Elijah shrugged. “I don’t make the rules.”
“First of all, what you just said is not true at all,” she said. “Gruel is distinguished by being thinner than porridge and oatmeal. And…you know what? I’m not justifying my food to you. I won’t criticize your carnivorous tendencies, and I would appreciate if you didn’t judge my diet.”
Elijah knew he’d messed up, so he just nodded and went back to making his coffee. Fortunately, there was a fireplace nearby where he could boil water for his coffee, and he did just that before making the beverage in his French press. Secretly, he expected that Sadie would come over to the right side of the coffee divide when she smelled it, but to his immense shock, she just turned her nose up and pretended like he – and the delicious coffee – didn’t exist.

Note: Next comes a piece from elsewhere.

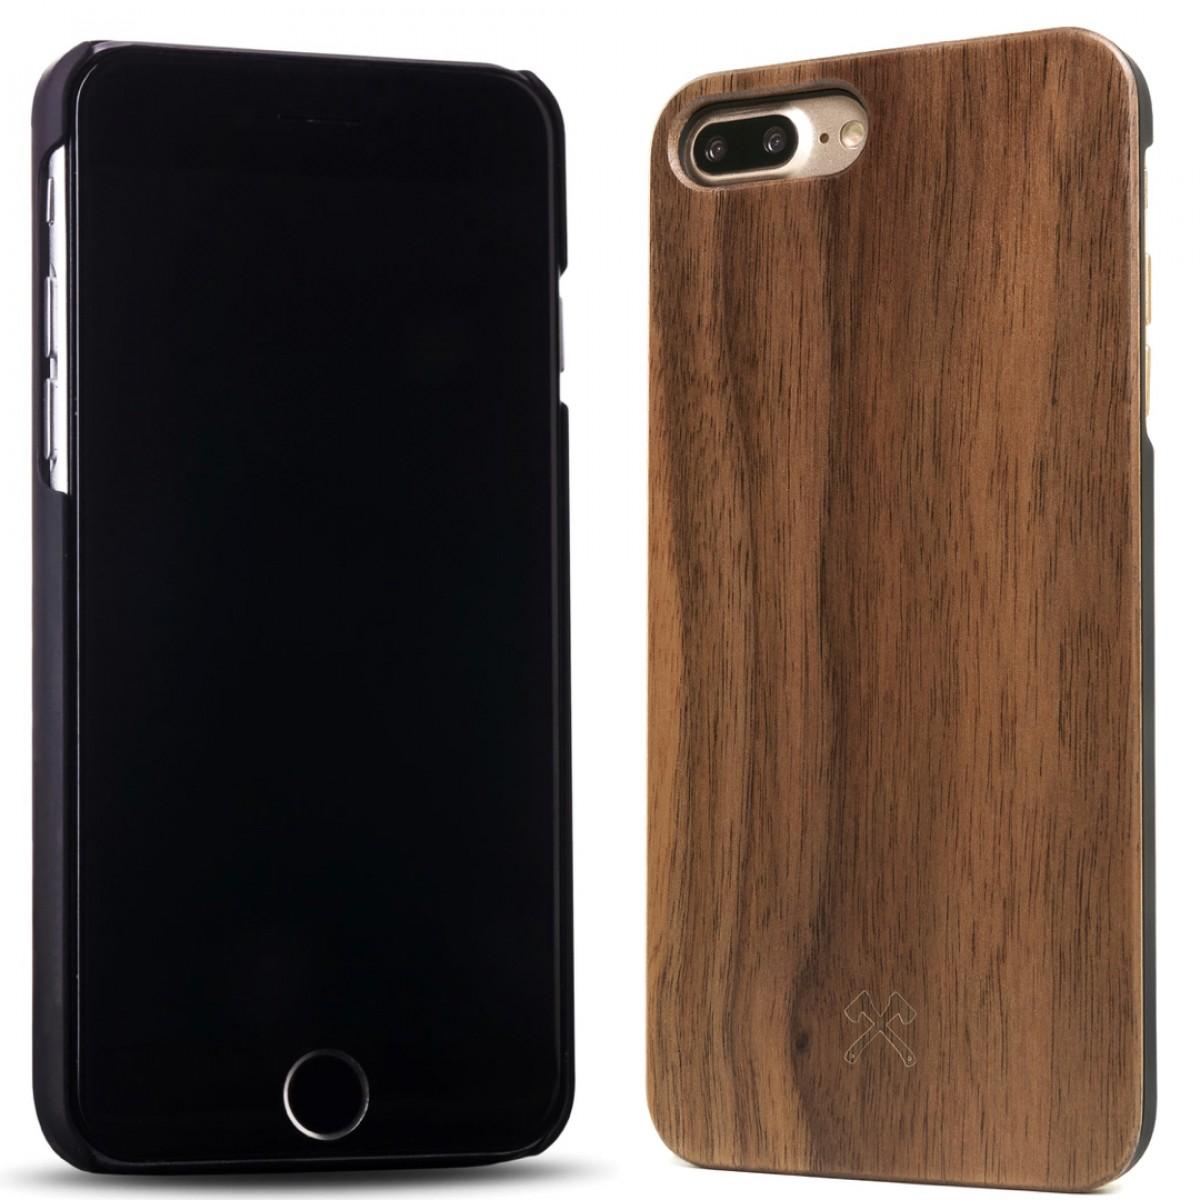 Woodcessories - EcoCase Classic - Premium Design Case, Cover, Hülle für das iPhone aus FSC zert. Holz (iPhone 7 Plus/ 8 Plus, Walnuss, Kirsche, Bambus / schwarz)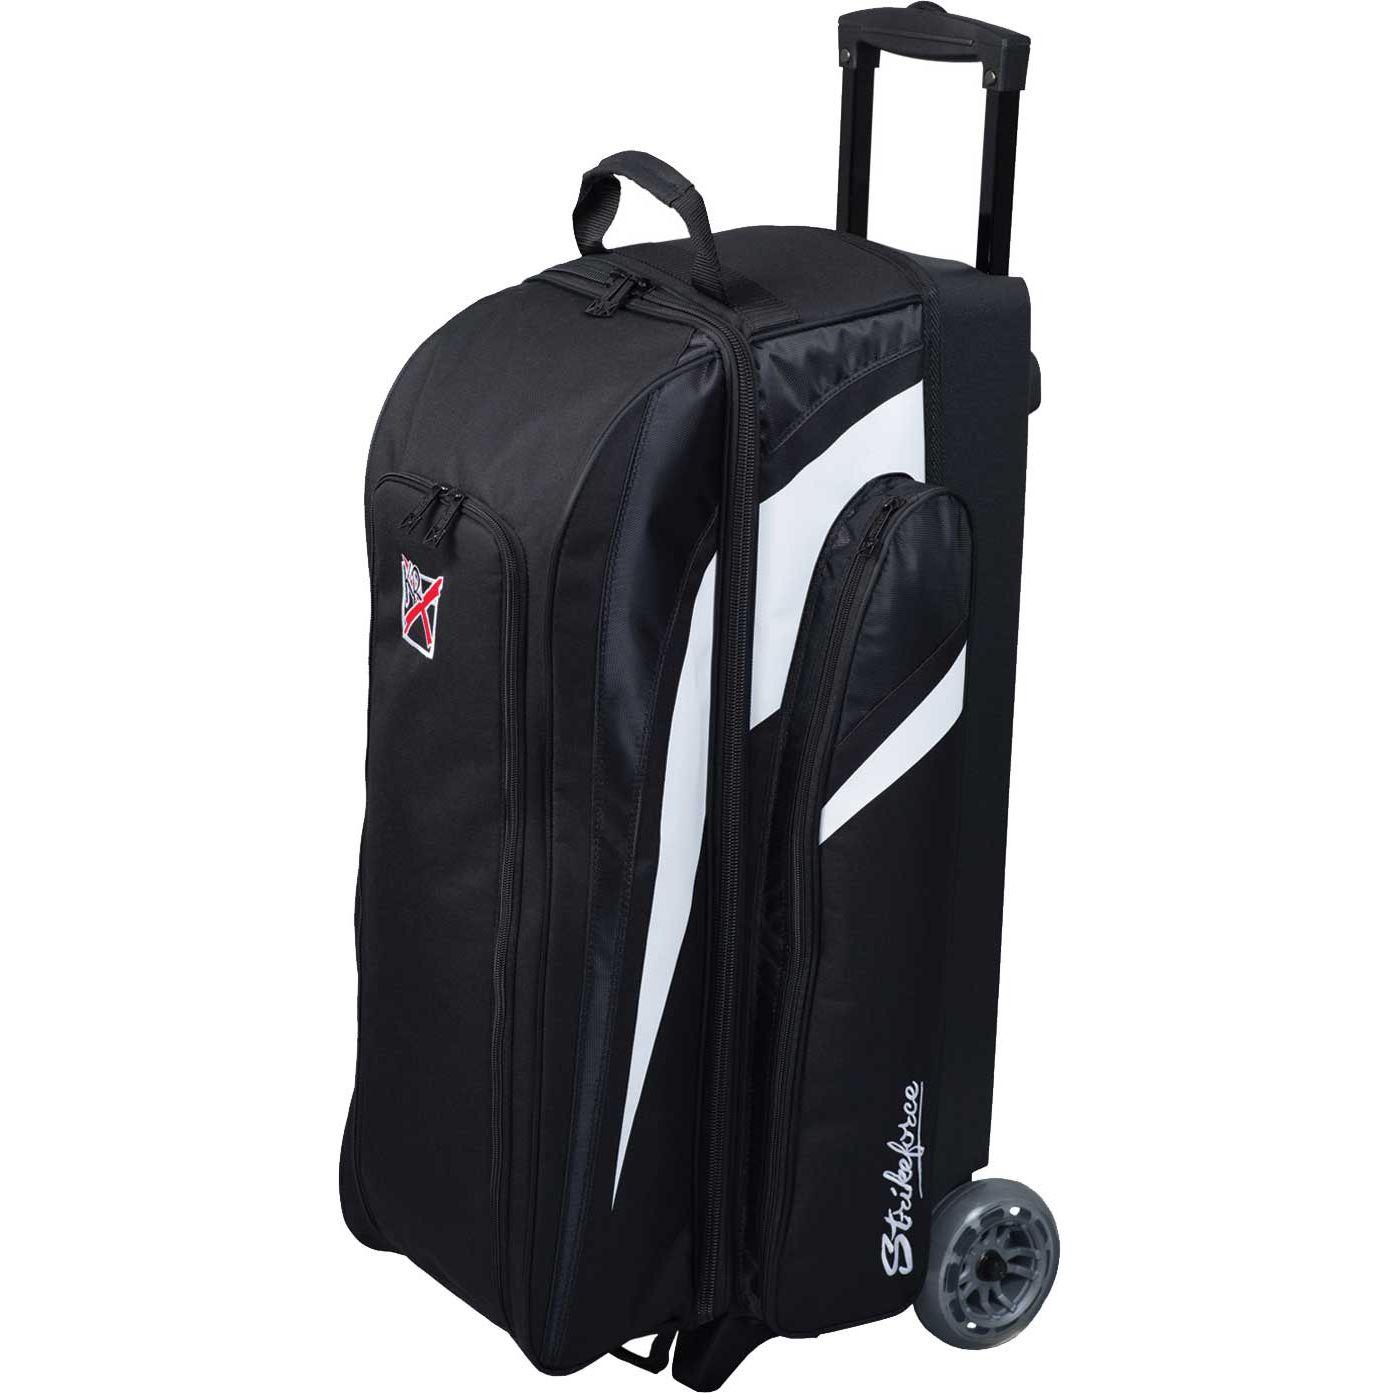 Strikeforce Cruiser Triple Ball Roller Bowling Bag

Finally, he offered her a bit of his honey, saying, “It’s ethically sourced. The bees in my apiary are perfectly happy and very healthy.”
“You have an apiary?”
“Oh, yeah. I have a whole island. Kind of a paradise, if I say so myself. It wasn’t always like that, but it’s definitely my happy place,” he said with a smile. “My friend Nerthus is taking care of it right now.”
She just stared at him. “You live in paradise?”
He shrugged. “Pretty much,” he acknowledged. “Most of the time, I’m not even there, though. Like I said, it’s as much Nerthus’ island as it is mine.” That’s when he noticed her dark expression. “What? How did I offend you this time?”
Sadie just shook her head. “Nothing.”
Then, she quickly ate the last bite of her porridge, pushed away from the table, and strode away.
“What did I say?” Elijah muttered to himself.